Hearing, not heeding: Procedural acknowledgment and substantive influence in rulemaking
Alexander Love
Journal of Public Administration Research and Theory, April 2026, Pages 219-233
Abstract:
Public participation processes promise that citizens will be heard, but rarely guarantee they will be heeded. This distinction between procedural acknowledgment and substantive influence lies at the heart of bureaucratic responsiveness, yet these two forms of responsiveness are often conflated in empirical research. I demonstrate that in federal rulemaking, procedural acknowledgment (being heard) is empirically distinct from substantive policy influence (being heeded). Drawing on theories of bureaucratic responsiveness, I argue that agencies strategically cite commenters not primarily to signal agreement but to build defensible administrative records that satisfy procedural requirements while preserving their policy autonomy. Analyzing 854 federal rules from 2017 to 2023, I use semantic text analysis to track changes in binding regulatory provisions distinct from the explanatory preamble. I show that agencies systematically cite comments they ultimately reject, particularly from well-resourced groups.
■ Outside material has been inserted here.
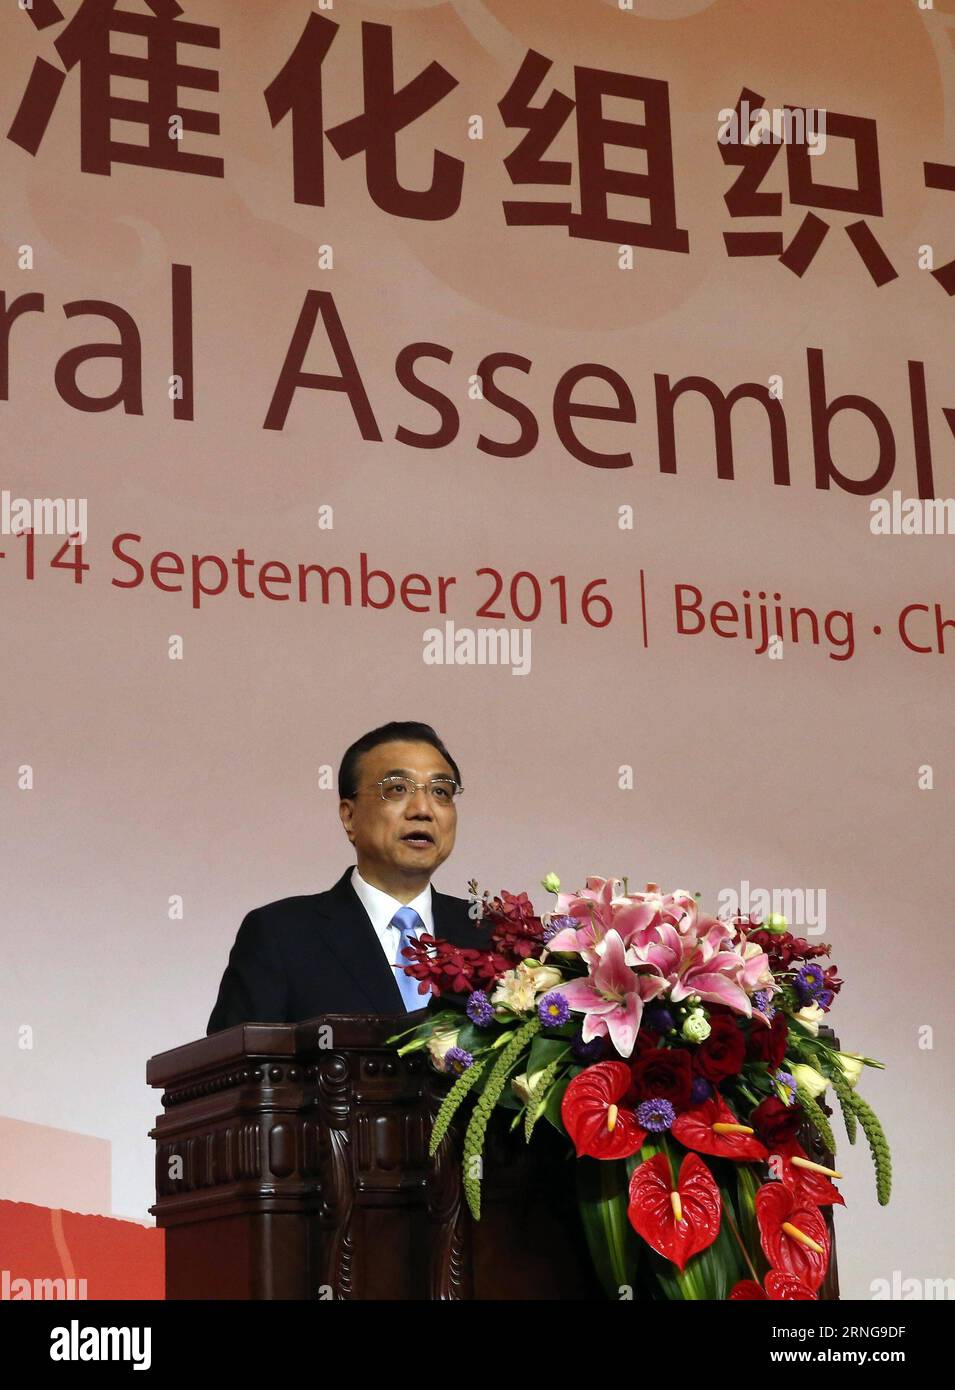 (160914) -- BEIJING, Sept. 14, 2016 -- Chinese Premier Li Keqiang addresses the 39th International Organization for Standardization (ISO) General Assembly in Beijing, capital of China, Sept. 14, 2016. ) (wyo) CHINA-BEIJING-LI KEQIANG-ISO GENERAL ASSEMBLY (CN) LiuxWeibing PUBLICATIONxNOTxINxCHN   160914 Beijing Sept 14 2016 Chinese Premier left Keqiang addresses The 39th International Organization for Standardization ISO General Assembly in Beijing Capital of China Sept 14 2016 wyo China Beijing left Keqiang ISO General Assembly CN LiuxWeibing PUBLICATIONxNOTxINxCHN Stock Photo

Roughly two-thirds of comment citations are not accompanied by any responsive change to the regulatory text. This reveals that procedural responsiveness can function as a strategic substitute for substantive policy change. These findings suggest that procedural engagement and substantive influence operate as distinct modes of bureaucratic responsiveness, with agencies often prioritizing legal defensibility over policy adaptation when facing potential judicial review.